My honeynet has expanded!
I have just recently acquired a few more virtual servers out there. Now that I have different types of honeypots in the wild I thought that it might be a good time to describe them to you. In summary, I have a dionaea, p0f, amun, and glastopf honeypot out there. None of that should make sense by the way.
First, dionaea. That link goes to their homepage. Go there if you want real details about how it works and what it is. The main purpose is to properly respond to exploit attempts so that the payload is sent. A payload is simply the piece of malware the attacker is trying to use to infect the system. Essentially, it’s the goodies. Once the payload is sent, dionaea will download a copy of it. Finally, it will close the connection, thus crippling the attack.
Second, p0f. Wikipedia coming through with a great description of p0f. This is a little bit different of an idea for a honeypot. p0f is a passive OS fingerprinting service. That means that it just listens to everything that the computer communicates with. In this case, when an attack comes in it will fingerprint what type of computer is attacking. This way we can start to piece together what type of systems the enemy uses.
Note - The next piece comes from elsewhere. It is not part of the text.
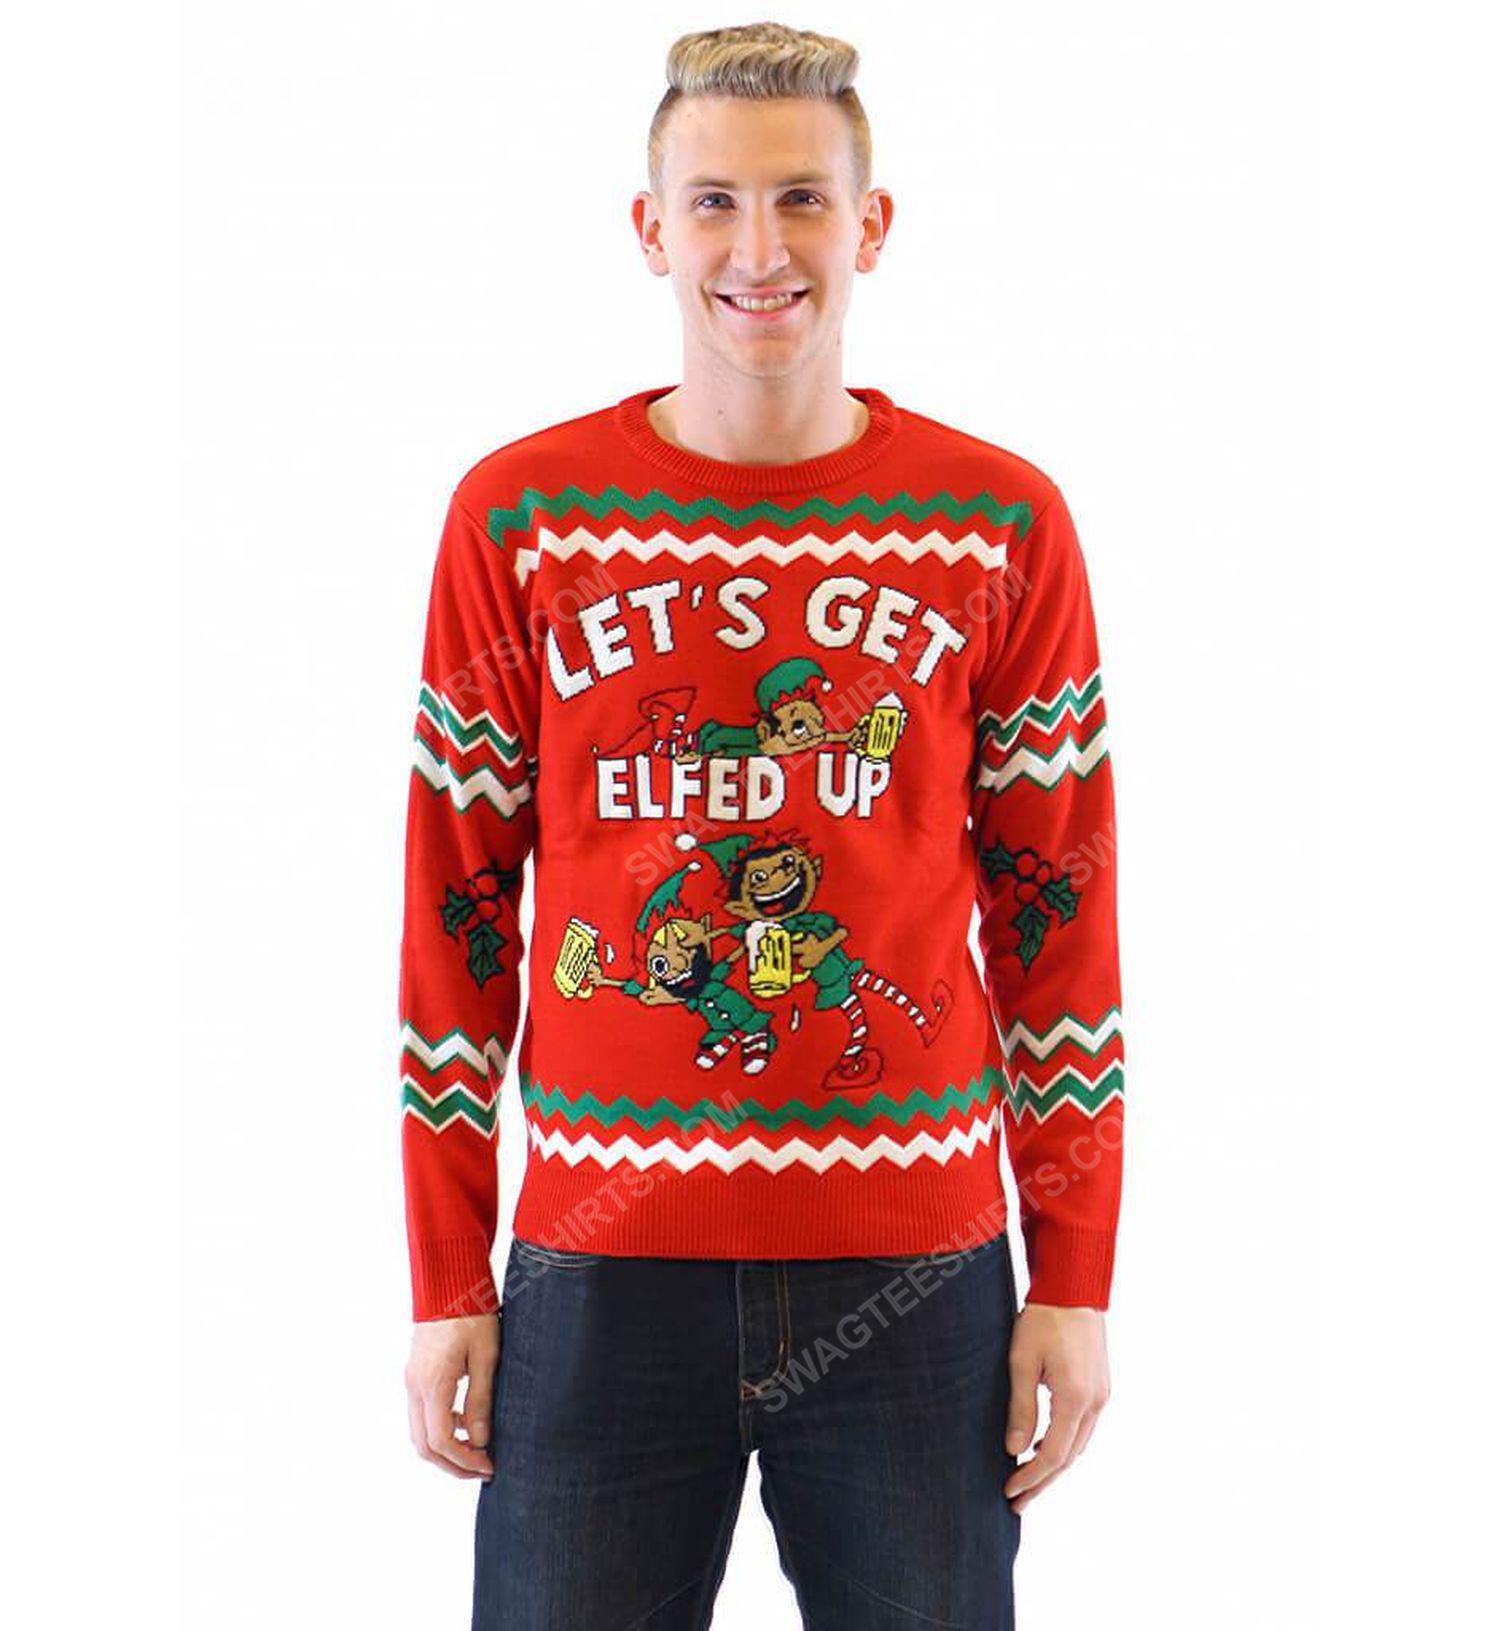 Let's get elfed up drunken elves full print ugly christmas sweater 2 - Copy

Third, amun. Again that link goes to their homepage. It doesn’t go terribly deep into exactly what amun does but instead what the developer has been working on. So, what it does is capture malware that’s automatically spreading across the internet. This means that there isn’t really an attacker. You could get the malware from me but that doesn’t mean I attacked you. This is a small but important detail.
Fourth, glastopf. This is similar to dionaea in a way. Glastopf sets up a vulnerable python-based web server. It will then properly respond to attacks on any of the thousands of fake vulnerabilities to gather data. This is focused only on web-based attacks.
With the four of these working together we should get a pretty well-rounded view of the wild. The next step is to start duplicating these around the world.